Stone sculpture (present location), Callan, Co. Kilkenny
Co. Kilkenny |
Stone Monuments
A fragment of carved stone in Callan's Roman Catholic church holds a small puzzle that has occupied at least one scholar for decades.
The relief panel shows a robed ecclesiastic, dressed in a chasuble worn over an alb, the layered liturgical vestments of a medieval cleric, with one hand raised in blessing and the other gripping what may be a spear or crozier. Beneath him, to his lower right, crouches a creature whose head has been broken away entirely, leaving its identity genuinely open to debate.
The sculpture was moved to its present location in the early nineteenth century, having originally formed part of the medieval church of St Mary's, which stands roughly 190 metres to the north-east on Green Street. Helen Roe, writing in 1979, interpreted the scene as the cleric impaling a dragon or serpent, a familiar motif in medieval Christian iconography linking a holy figure to the defeat of evil. The identification is not straightforward, however. The creature's surviving features, pointed claws, a tail, and a general form that suggests a quadruped, seem closer to a griffin than a serpent, and its position does not fall neatly in line with the spear or crozier.

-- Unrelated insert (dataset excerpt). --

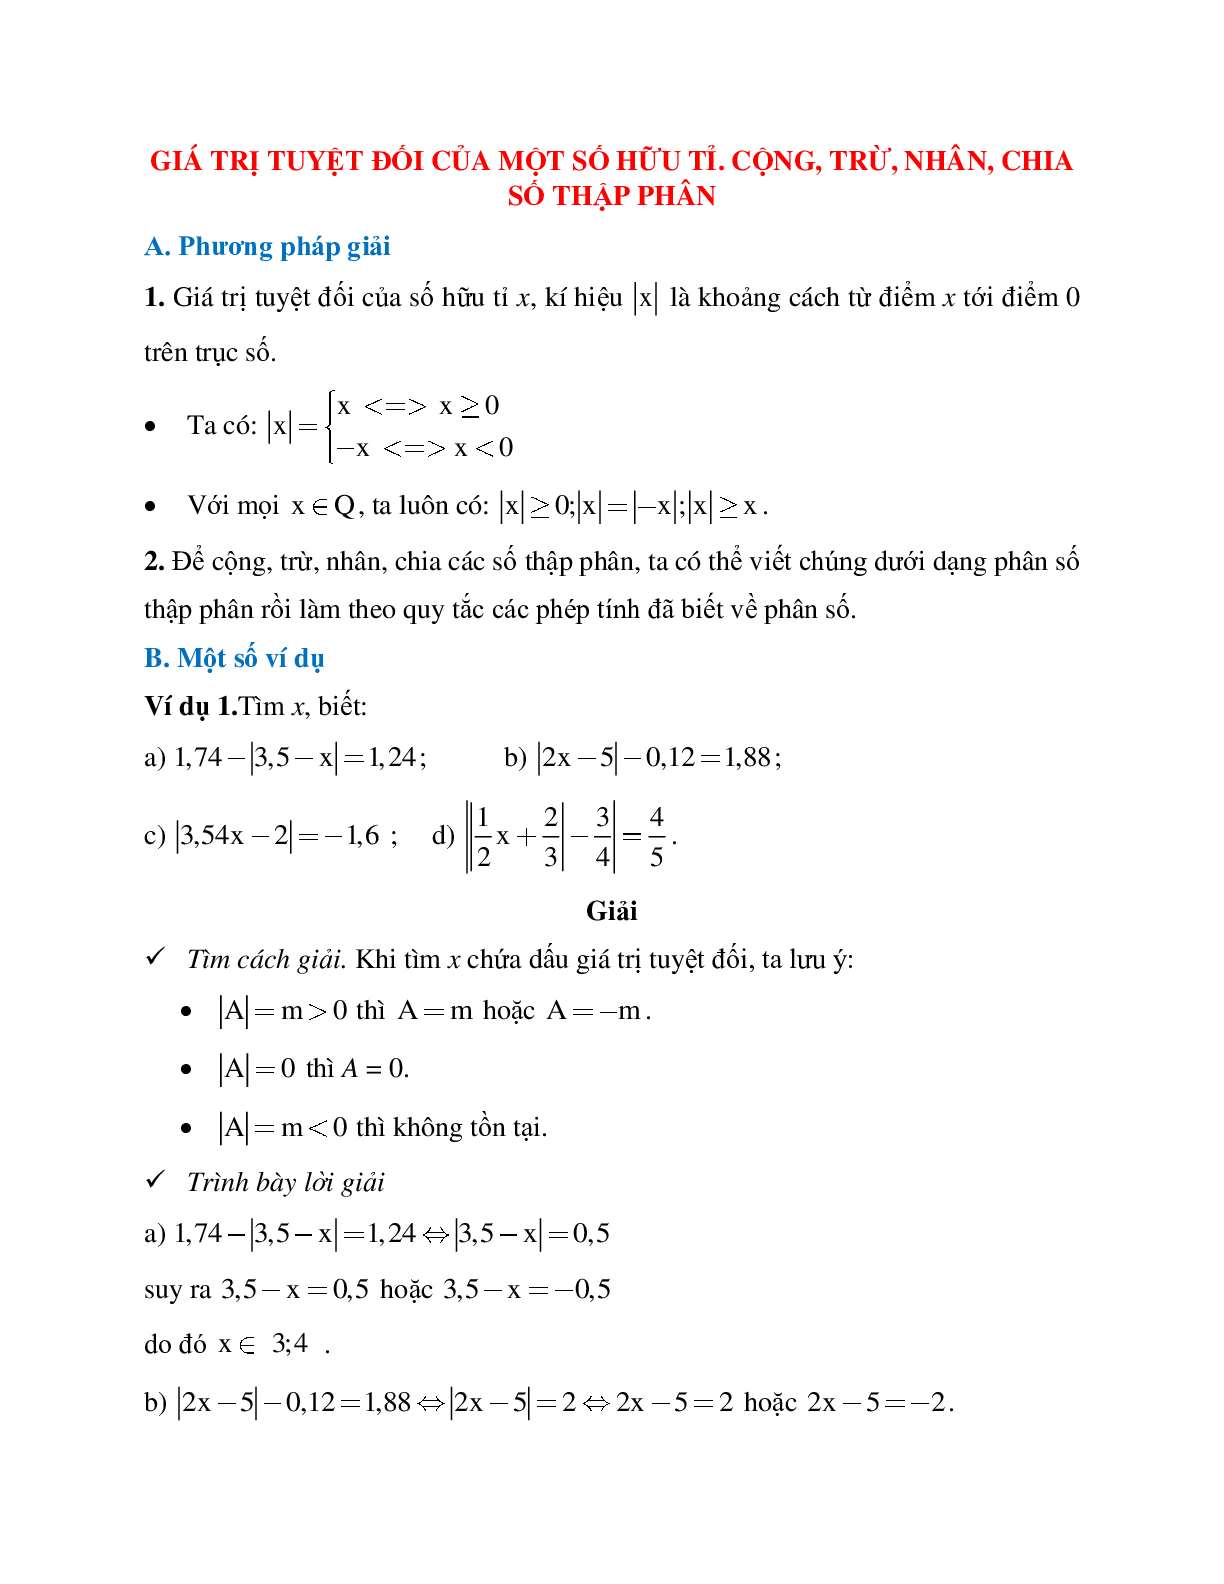 Phương pháp giải bài tập về Giá trị tuyệt đối của một số hữu tỉ - Cộng, trừ, nhân, chia số thập phân có lời giải (trang 1)

Above the creature there is additional decoration in relief, apparently an abstract vegetal design, though the damage makes it difficult to read with confidence. The panel has suffered considerably: the upper portion, including most of the cleric's head, is gone, as is much of the left side and the lower section. Only a plain border running along the right edge of the panel survives intact.
What remains is a fragment that raises more questions than it answers. The exact identity of the figure, the nature of the creature beneath him, and the original context of the carving within St Mary's are all unresolved. The move to the present church preserved the stone, but the loss of so much of its surface means that the scene it once depicted can only be partially reconstructed.